Zwei Wörter, die auf den ersten Blick das gleiche zu bedeuten scheinen und die sehr häufig durcheinandergebracht werden, sind
Hin und
Her, mit all ihren Kombinationen wie
Hinauf,
Herunter,
Hinab… Aber wann geht es hin, und wann geht es her?
Die Antwort hängt von der Perspektive des Sprechers ab:
- Her bewegt sich auf den Sprecher zu
- Hin bewegt sich vom Sprecher weg
In einer Geschichte ist es also immer wichtig, sich bewusst zu sein, aus wessen Sicht sie erzählt wird. Nehmen wir als Beispiel Bob. Bob ist auf den Baum geklettert und winkt seinem Bruder Ewald, der unten steht. Dabei verliert er den Halt und fällt. Aber fällt er jetzt hinunter oder herunter? Die Antwort ist: Er tut beides. Aus Bobs Warte fällt er hinunter, er bewegt sich von seinem alten Standpunkt weg. Aus Ewalds Sicht fällt Bob herunter, denn er kommt dabei auf Ewald zu. In einer Erzählung sieht das dann so aus:
Bob war stolz auf sich. Das sollte Ewald im mal nachmachen, in die Spitze hinaufzuturnen wie eine Katze oder ein Eichhörnchen! Jetzt versperrte nur noch wenige Blätter und dünne Zweige seine Sicht auf den freien Himmel, währen Ewald unten kaum zu sehen war durch das dichte Blätterdach. Ewald stieß sich auf dem Ast, auf dem er stand, so weit nach oben, wie er konnte, um größer auszusehen, hielt sich mit der rechten Hand fest und winkte mit dem ganzen linken Arm. »He, Ewald!« rief er. Doch zu mehr kam er nicht. Der Ast gab unter ihm nach, Bobs Füße rutschen weg, und ehe er noch versuchen konnte, sich wieder zu fangen, verlor er das Gleichgewicht und fiel hinunter.
Ewald traute sich gar nicht hinzusehen. Bob war schon viel zu hoch geklettert. In der Höhe würden ihn die Äste niemals tragen! Und der großvater hatte sie doch noch gewarnt, auf sich aufzupassen! Irgendwo weit oben sah Ewald Bobs rotes T-Shirt durch die Blätter blitzen, aber viel konnte er nicht erkennen, dafür war der Baum zu hoch und das Blätterdach zu dicht. Und wenn Ewald sich die Hände vor die Augen hielt, erkannte er natürlich noch weniger. Von oben hörte er Bob rufen, dann ein erschrockener Schrei, und dann - o nein! Bob verlor den Halt und stürzte herunter.
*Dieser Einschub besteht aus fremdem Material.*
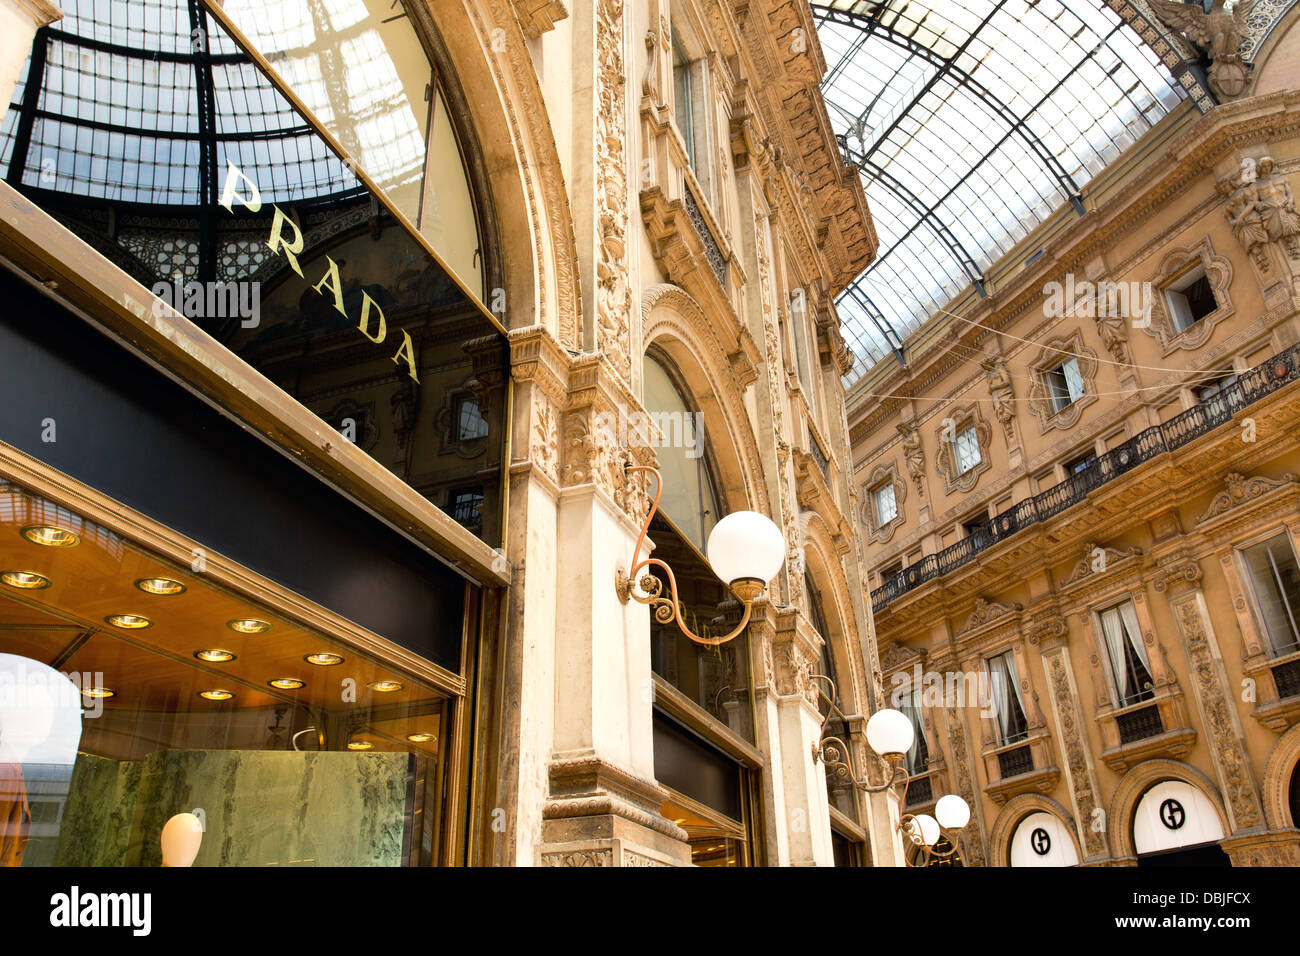 Le magasin Prada à la Galleria Vittorio Emanuele 11, à Milan. Banque D'Images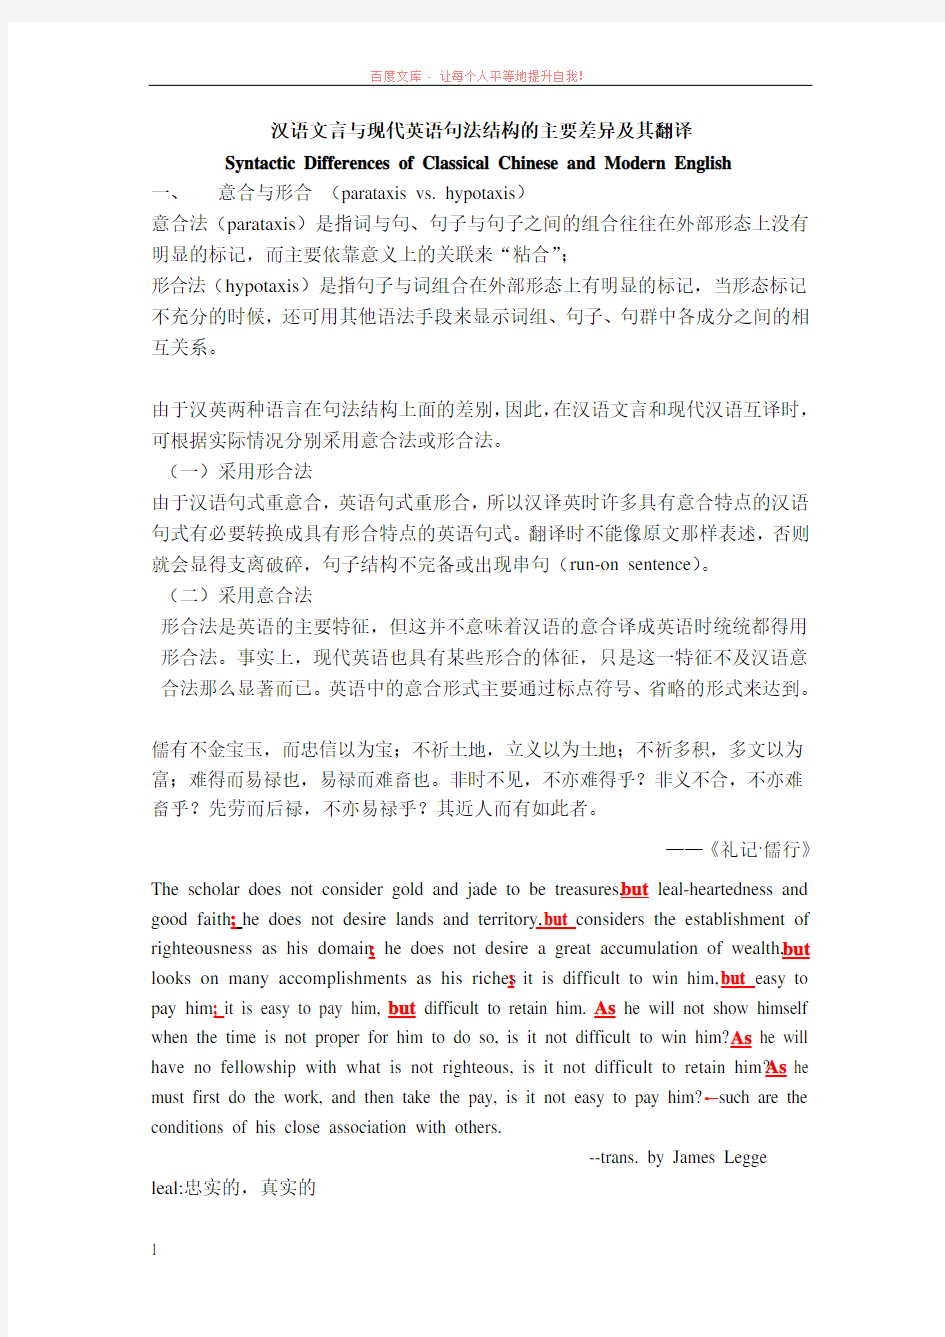 汉语文言与现代英语句法结构的主要差异及其翻译 (1)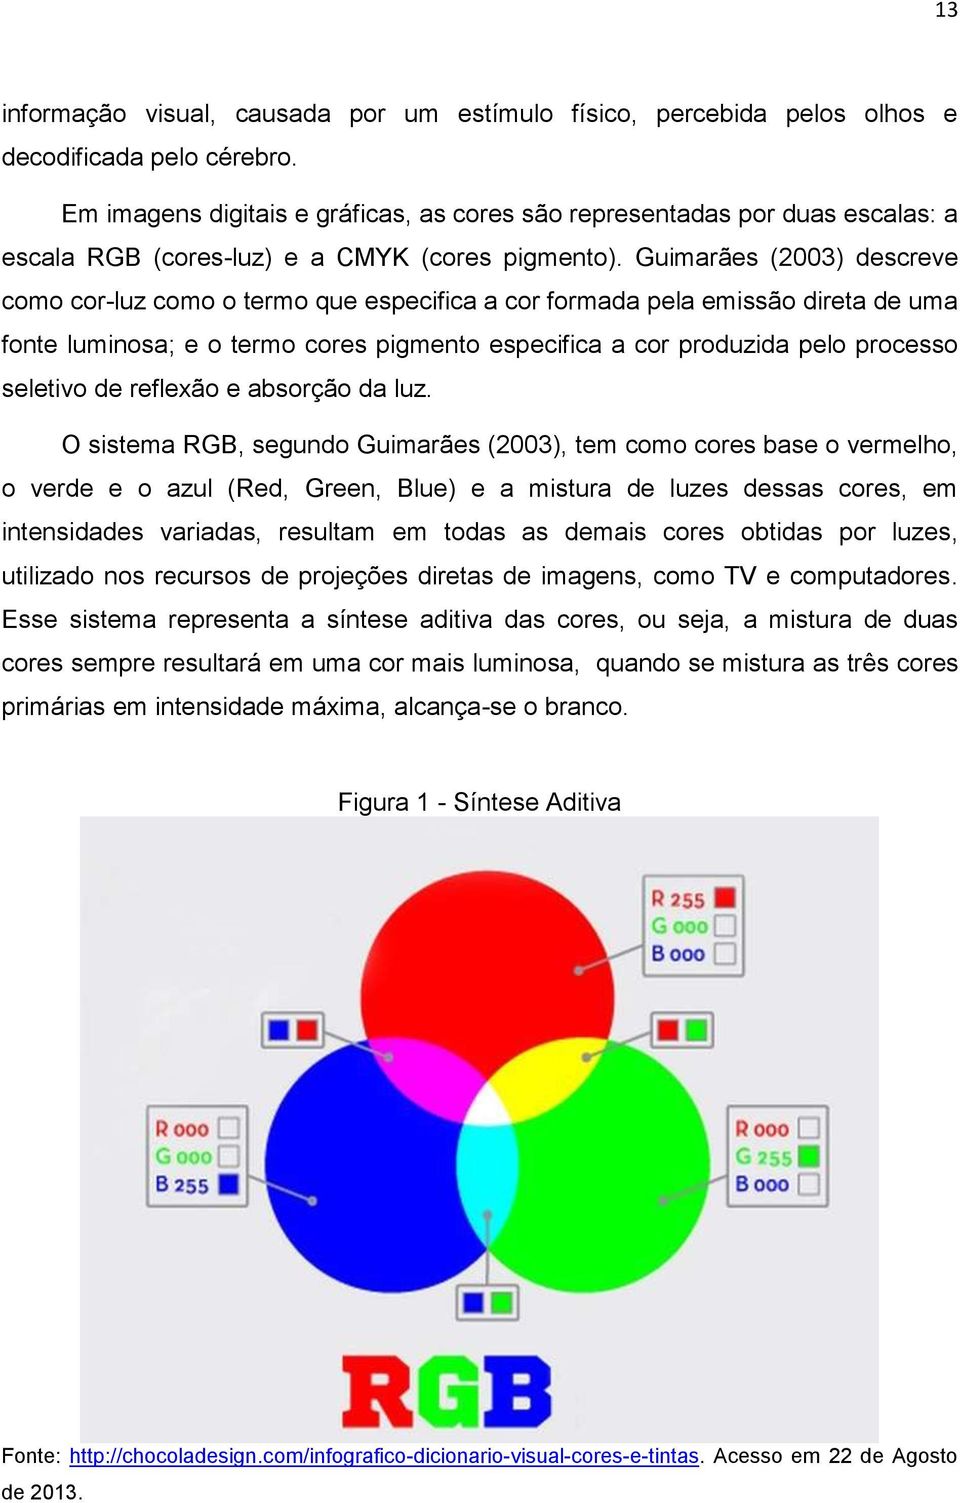 Guimarães (2003) descreve como cor-luz como o termo que especifica a cor formada pela emissão direta de uma fonte luminosa; e o termo cores pigmento especifica a cor produzida pelo processo seletivo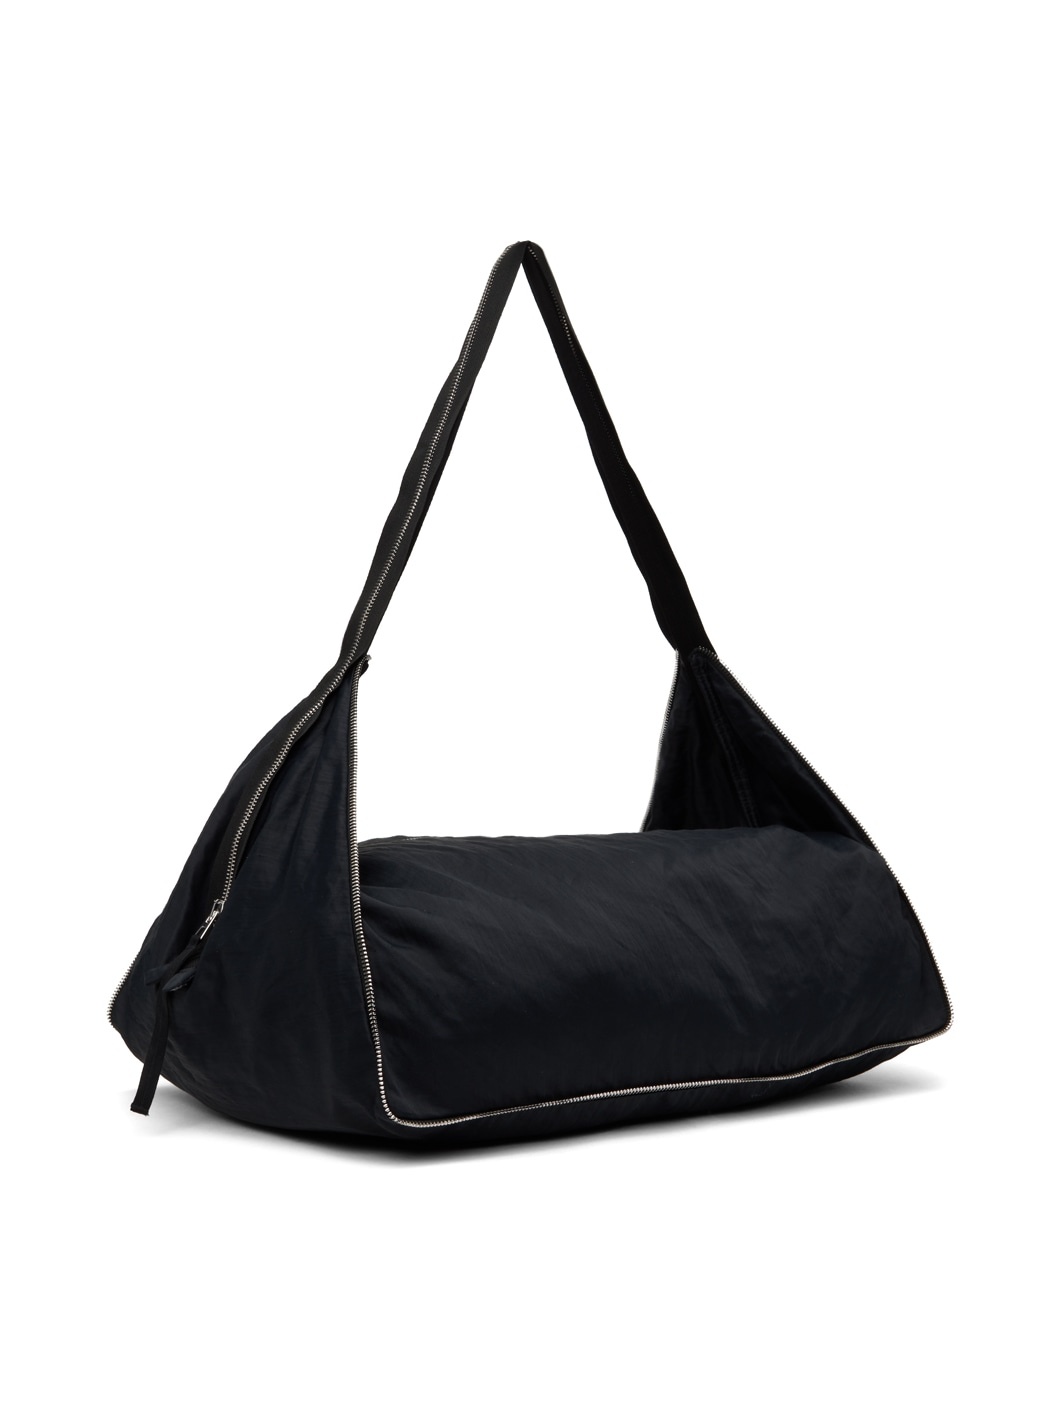 Black Cailleach Bag - 3

Aber nicht jeder Autor möchte mit so einer engen Perspektive arbeiten, bei der man direkt durch die Augen einer anwesenden Figur blickt. Manchmal gibt es einen Erzähler, der überhaupt nicht dabei ist, und manchmal ist der Erzähler noch nicht einmal eine Person, sondern nur ein neutrales Augenpaar, das von irgendwo auf die Szenerie blickt. In einem solchen Fall führt euch das Bild vor Augen und fragt euch, wo die Kamera aufgestellt ist und ob sich die Handlung auf sie zu oder von ihr weg bewegt.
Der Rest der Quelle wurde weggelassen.